What the ink is made of
Here is the part the team-pickers miss. Both maps are drawn in the same ink, and the ink is not order and it is not disorder. The ink is Chaos — not the snarling cartoon kind, but the original sense: the unsorted, the not-yet-cut, the territory before anyone arrived with an opinion.
This is the whole quiet teaching of the Sacred Chao, which is not a yin-yang and gets furious when you call it one. The yin-yang says: two real forces, balanced, taking turns. The Sacred Chao says something stranger. The Hodge and the Podge — pentagon and golden apple, order and disorder — are not two real things in balance. They are two illusions cast on one screen. You can run the projector toward order or toward disorder all night long. The screen does not change. The screen was always just the screen.

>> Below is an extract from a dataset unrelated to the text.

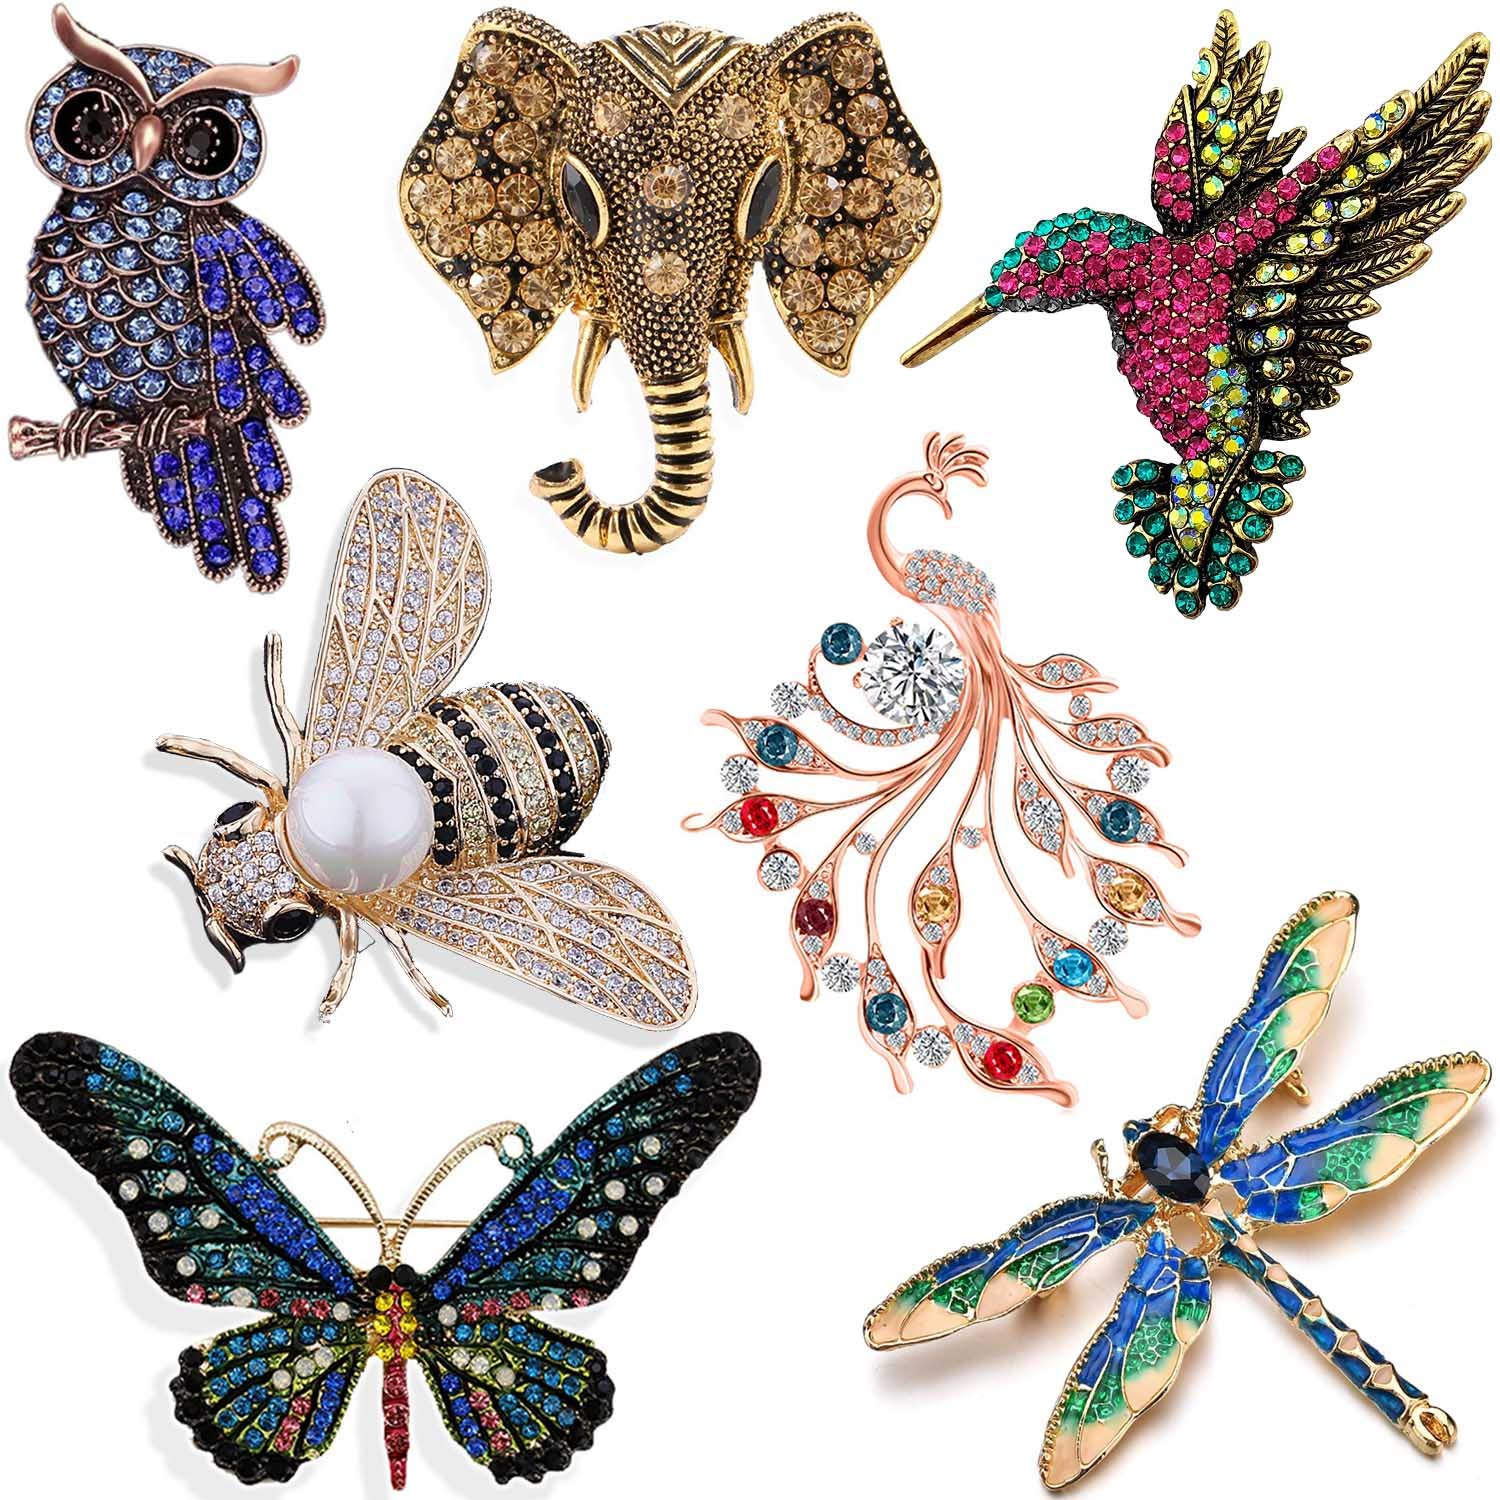 Women Brooch Set Crystal Pin Christmas Gifts Stocking Stuffers Vintage Animal Insect Elegant Flower Pins Brooches Bulk for Women Girls

All affirmations are true in some sense, false in some sense, meaningless in some sense, true and false in some sense, true and meaningless in some sense, false and meaningless in some sense, and true and false and meaningless in some sense.

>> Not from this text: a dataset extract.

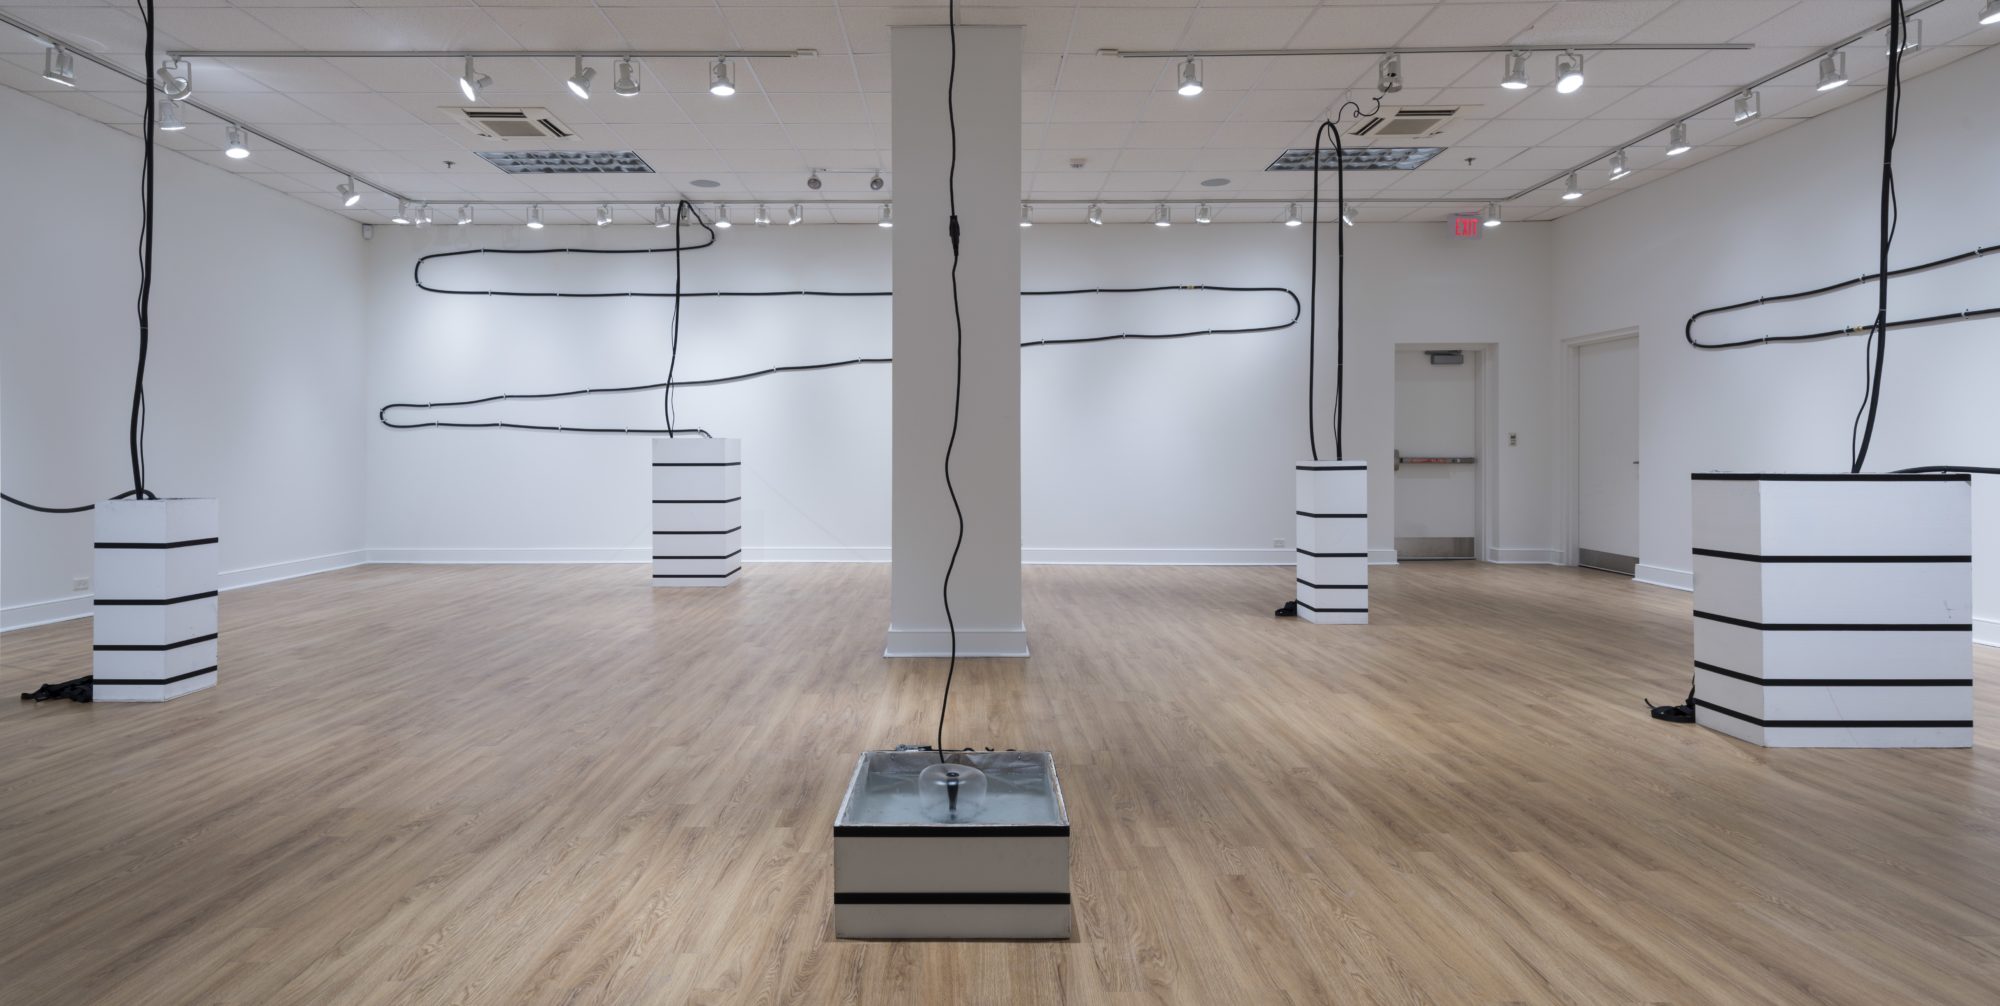 Several black and white sculptural installations featuring wires by Virginia Overton are shown in a large gallery space with white walls and ceiling and a light-colored wood floor.

Seven clauses. Count them. Sri Syadasti was not hedging — he was handing you a map with seven legends instead of one, which is his polite way of admitting that any legend is something you brought, not something you found.
The confession
So here is mine, as a surveyor of the unsurveyable. Every map lies. The neat map lies by pretending the lines are real. The messy map lies by pretending it has no lines. The honest move — the only move that does not curdle into religion — is to keep drawing maps anyway, and to write, small, in the corner of every one, in the spot where lesser cartographers put the scale: this is apparent.
Draw your borders. Run your meetings. Tear them up on a Friday and eat a hot dog with no bun. Both are fine. Both are ink. Just stop believing that one of them is the territory and the other is the war against it. They are the same hand. The Curse of Greyface is not order — order is harmless, order is a tool. The Curse is forgetting the word apparent, and it lands just as hard on the rebel who worships mess as on the accountant who worships the grid.
The blank spot on my maps is not an error. It is the only honest region. I have surveyed it carefully. It contains everything.
Hail Eris. Mind the legend. The coastline was never there.